First, we determine the symmetry group of $\ce{BF3}$, which by quick inspection we can determine to be $D_{3h}$ (since it has a principle $C_3$ axis, $3\perp C_{2}$ axes, and a horizontal mirror plane of symmetry).

Point group flow chart

Knowing this, we can now make use of the $D_{3h}$ character table (thank you @orthocresol for compiling these in mathjax format) to determine the irreducible representation of the atomic orbitals (or their symmetry adapted linear combinations SALCS) within the group.

$$\begin{array}{|c|cccccc|c|c|} \hline D_\mathrm{3h} & E & 2C_3 & 3C_2 & \sigma_\mathrm{h} & 2S_3 & 3\sigma_\mathrm{v} & \text{linear/rotations} & quadratic\\ \hline \mathrm{A_1'} & 1 & 1 & 1 & 1 & 1 & 1 & & x^2+y^2,z^2 \\ \mathrm{A_2'} & 1 & 1 & -1 & 1 & 1 & -1 & R_z & \\ \mathrm{E'} & 2 & -1 & 0 & 2 & -1 & 0 & (x,y) & (x^2-y^2,xy) \\ \mathrm{A_1''} & 1 & 1 & 1 & -1 & -1 & -1 & & \\ \mathrm{A_2''} & 1 & 1 & -1 & -1 & -1 & 1 & z & \\ \mathrm{E''} & 2 & -1 & 0 & -2 & 1 & 0 & (R_x,R_y) & (xz,yz) \\ \hline \end{array}$$

Using this, we can quickly determine the irreps of boron's orbitals using the 2nd column from the right.

$\ce{B}$: $2s=a_1'$, $2p_x,2p_y=e'$, and $2p_z=a_2'$.

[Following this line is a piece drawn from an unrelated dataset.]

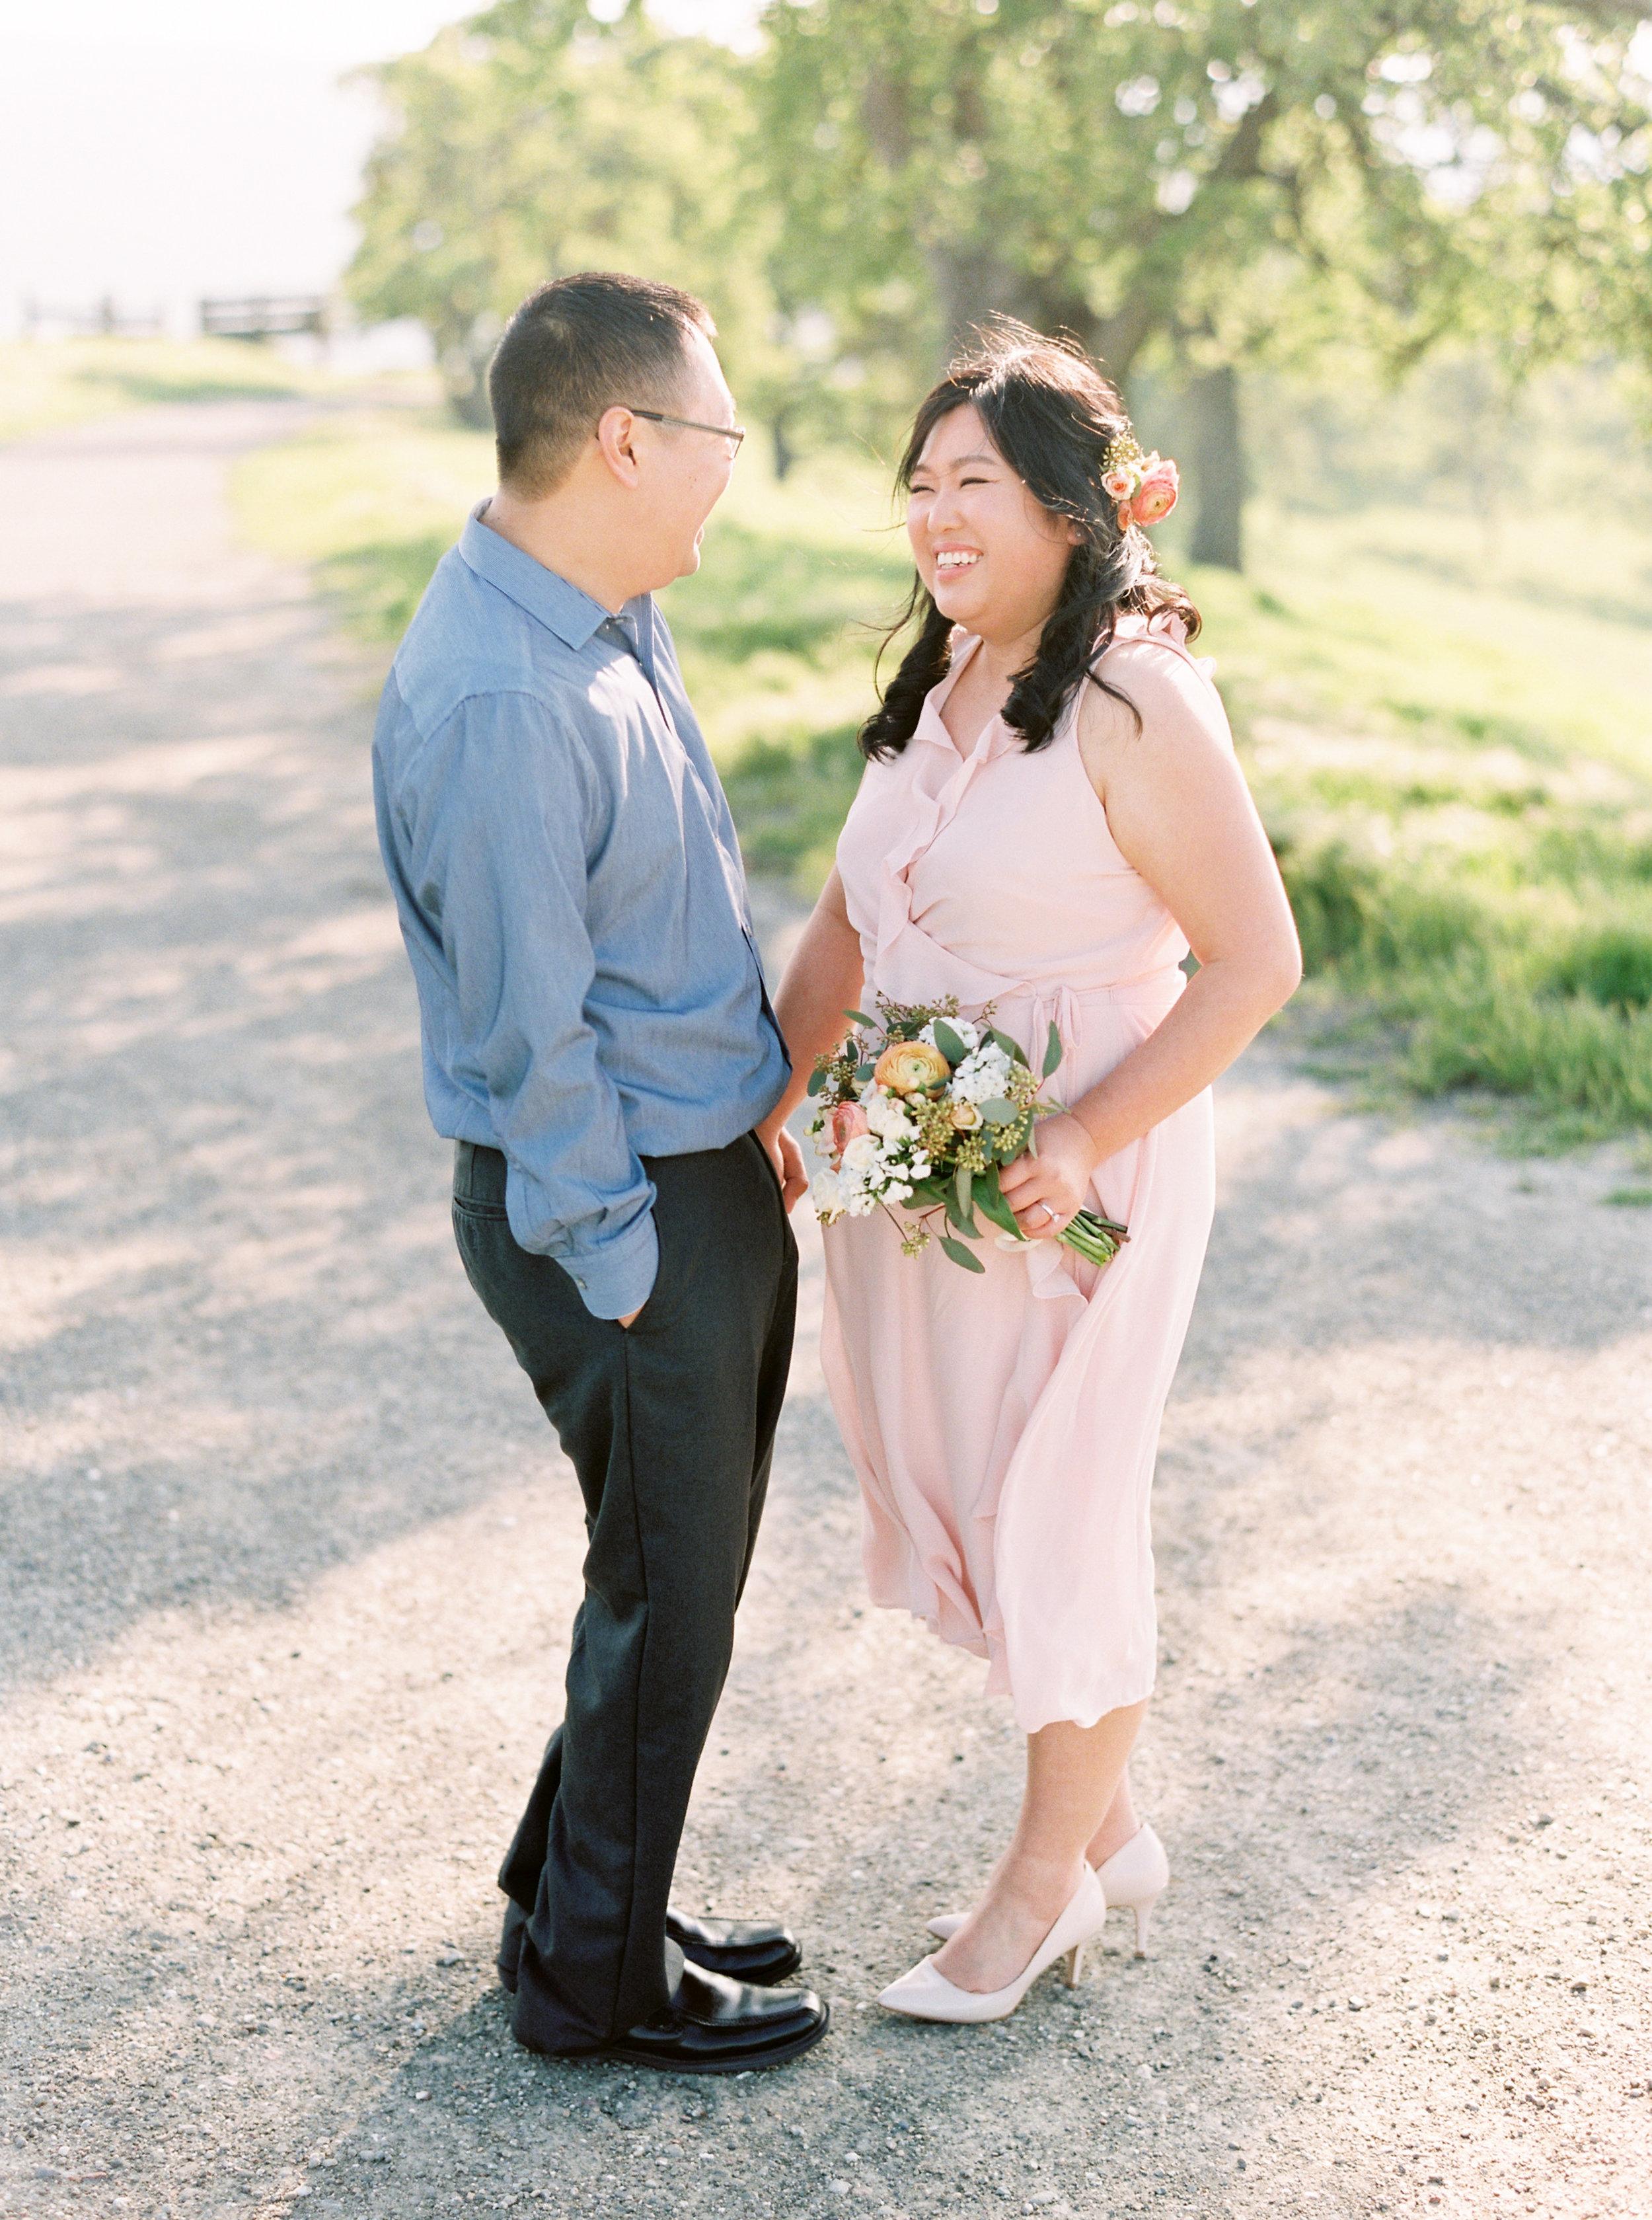 del-valle-livermore-bay-area-wedding-photographer-73.jpg
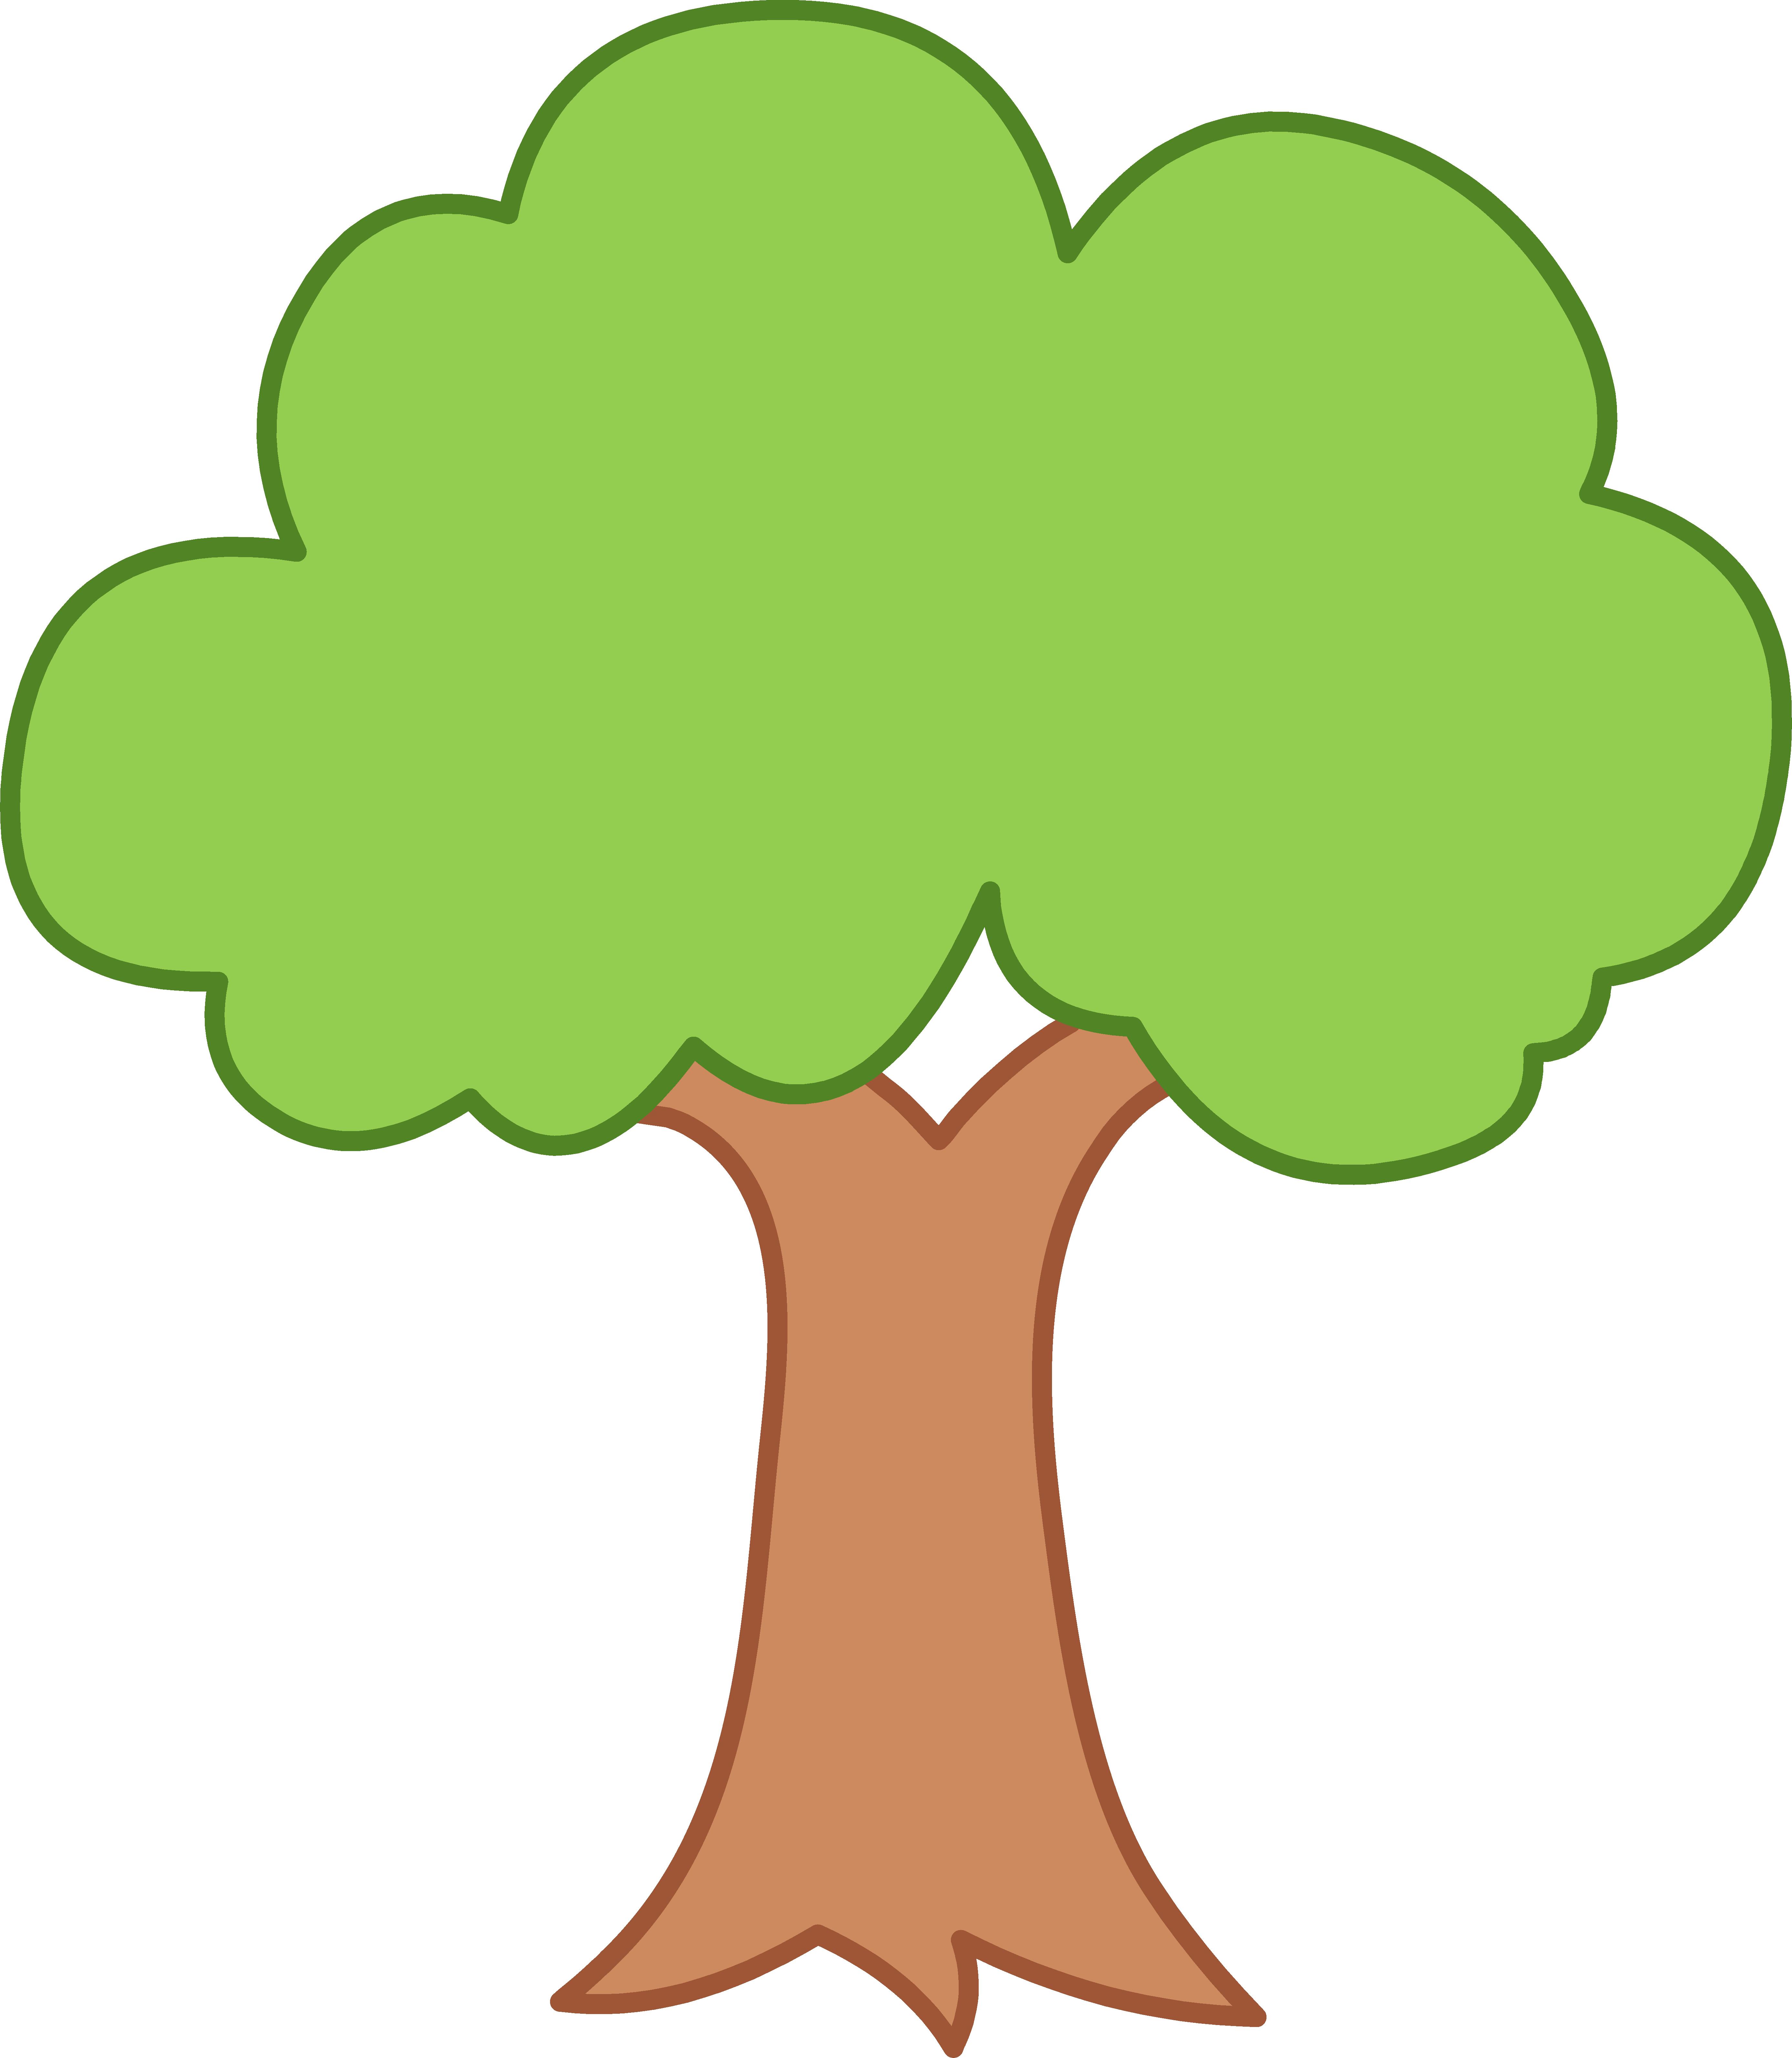 5548x6372 Simple Green Tree Design

Next, we will determine the irreps for the $3\ce{F}$ atoms, which will require that I consider combinations of $s,p_x,p_y, \text{and } p_z$ orbitals.

Below, I show how the symmetry operations of the group affect each set of orbitals and show the orbitals that result (image source).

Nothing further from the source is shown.